In contrast, arterial load emerged as the dominant determinant of both non-dipping status and systolic BP variability. Importantly, ROC analyses indicated that arterial load accounted for most of the discriminative performance for both outcomes, whereas adding TyG to arterial load provided minimal incremental gain. Therefore, TyG appears to function primarily as a metabolic modifier rather than a dominant determinant of ambulatory BP instability in this cohort. Measures such as AASI, short-term BP variability, and morning surge reflect impaired autonomic regulation, increased vascular stiffness, and heightened sympathetic reactivity-factors strongly associated with cardiovascular morbidity and mortality [23,24,25]. Previous studies have shown that increased BP variability and blunted nocturnal dipping are linked to stroke, heart failure, and renal dysfunction, independent of mean BP levels [26,27]. Our findings reinforce the concept that ambulatory hemodynamic instability captures pathophysiological dimensions not adequately explained by traditional risk markers. Importantly, ABPM provides a dynamic assessment of blood pressure behavior that extends beyond static office measurements. Circadian patterns, short-term variability, and morning surge reflect complex interactions between vascular structure, autonomic regulation, and environmental stressors. As such, ABPM-derived phenotypes may uncover high-risk hemodynamic profiles that remain clinically silent when evaluated solely by conventional clinic blood pressure values.

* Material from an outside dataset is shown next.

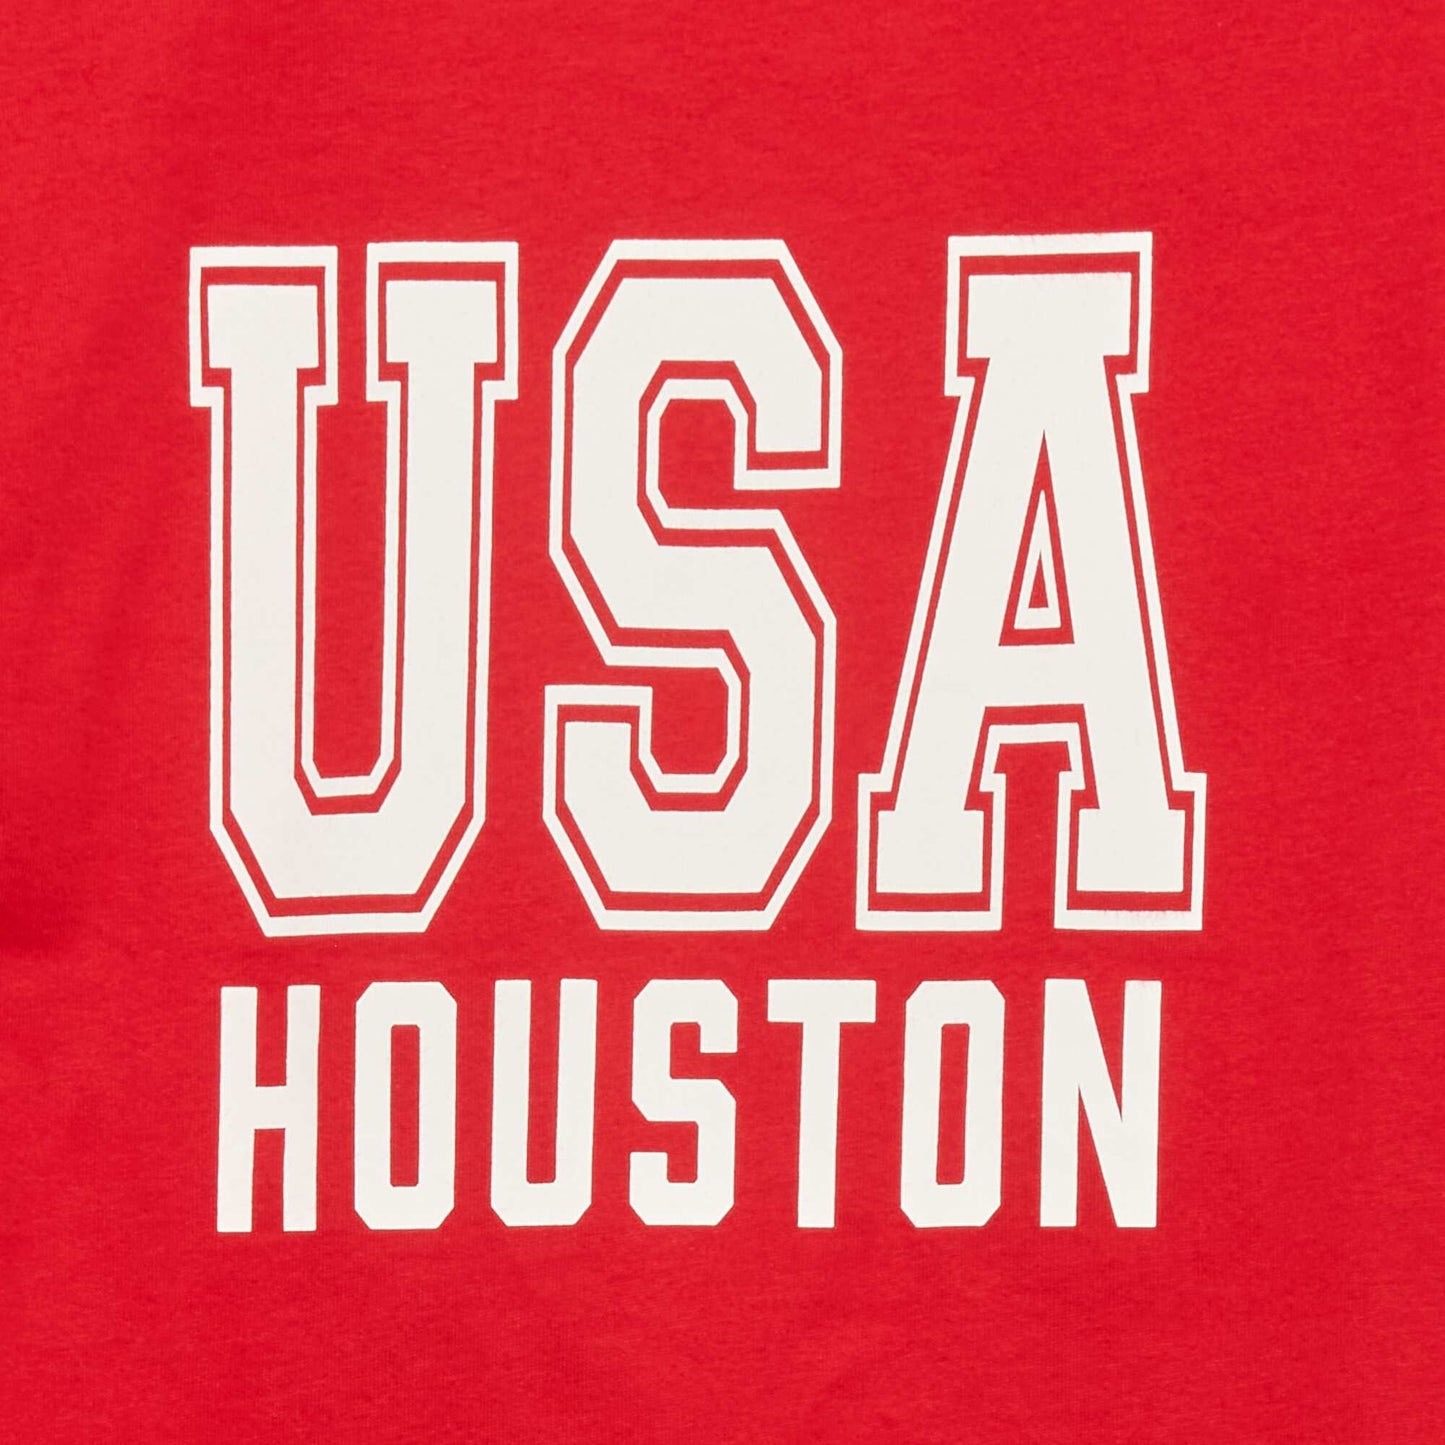 USA Houston print T-shirt RED_PMA3

A key contribution of this study is the identification of a synergistic interaction between metabolic burden and arterial instability. The combined “double-high” phenotype was associated with dramatically increased odds of both non-dipping and high systolic BP variability—far exceeding the effects of either component alone. From a pathophysiological perspective, insulin resistance is known to promote a proinflammatory and pro-oxidative vascular milieu, leading to endothelial dysfunction, impaired nitric oxide bioavailability, and increased arterial stiffness. These alterations may not uniformly translate into overt ambulatory blood pressure abnormalities; however, when combined with functional arterial instability, they may facilitate exaggerated blood pressure variability and circadian dysregulation. In this context, arterial load may be viewed as the functional conduit through which metabolic vulnerability becomes clinically manifest during daily blood pressure fluctuations. Although bias-reduced Firth penalized regression was applied to mitigate sparse-data bias, the magnitude of the observed odds ratios should be interpreted cautiously, as effect-size inflation remains possible in very small subgroups and confidence intervals remain wide. This pattern suggests a threshold phenomenon: once metabolic stress compromises endothelial and microvascular function, arterial stiffness and autonomic dysregulation may precipitate overt ambulatory BP abnormalities [28,29]. Such synergy is consistent with mechanistic studies showing that insulin resistance amplifies sympathetic tone, reduces nitric oxide bioavailability, and accelerates elastin–collagen imbalance in the arterial wall [30,31]. Under these conditions, the vasculature becomes highly sensitive to hemodynamic triggers, resulting in unstable circadian and short-term BP patterns.

The findings also provide insight into the heterogeneous cardiovascular risk trajectories observed among individuals with elevated TyG. Not all patients with insulin resistance develop severe ambulatory abnormalities, and this variability may reflect individual differences in arterial compliance and autonomic responsiveness [32]. Our results suggest that arterial load may represent a complementary or amplifying factor that is associated with the manifestation of clinically meaningful ambulatory BP abnormalities in metabolically vulnerable individuals.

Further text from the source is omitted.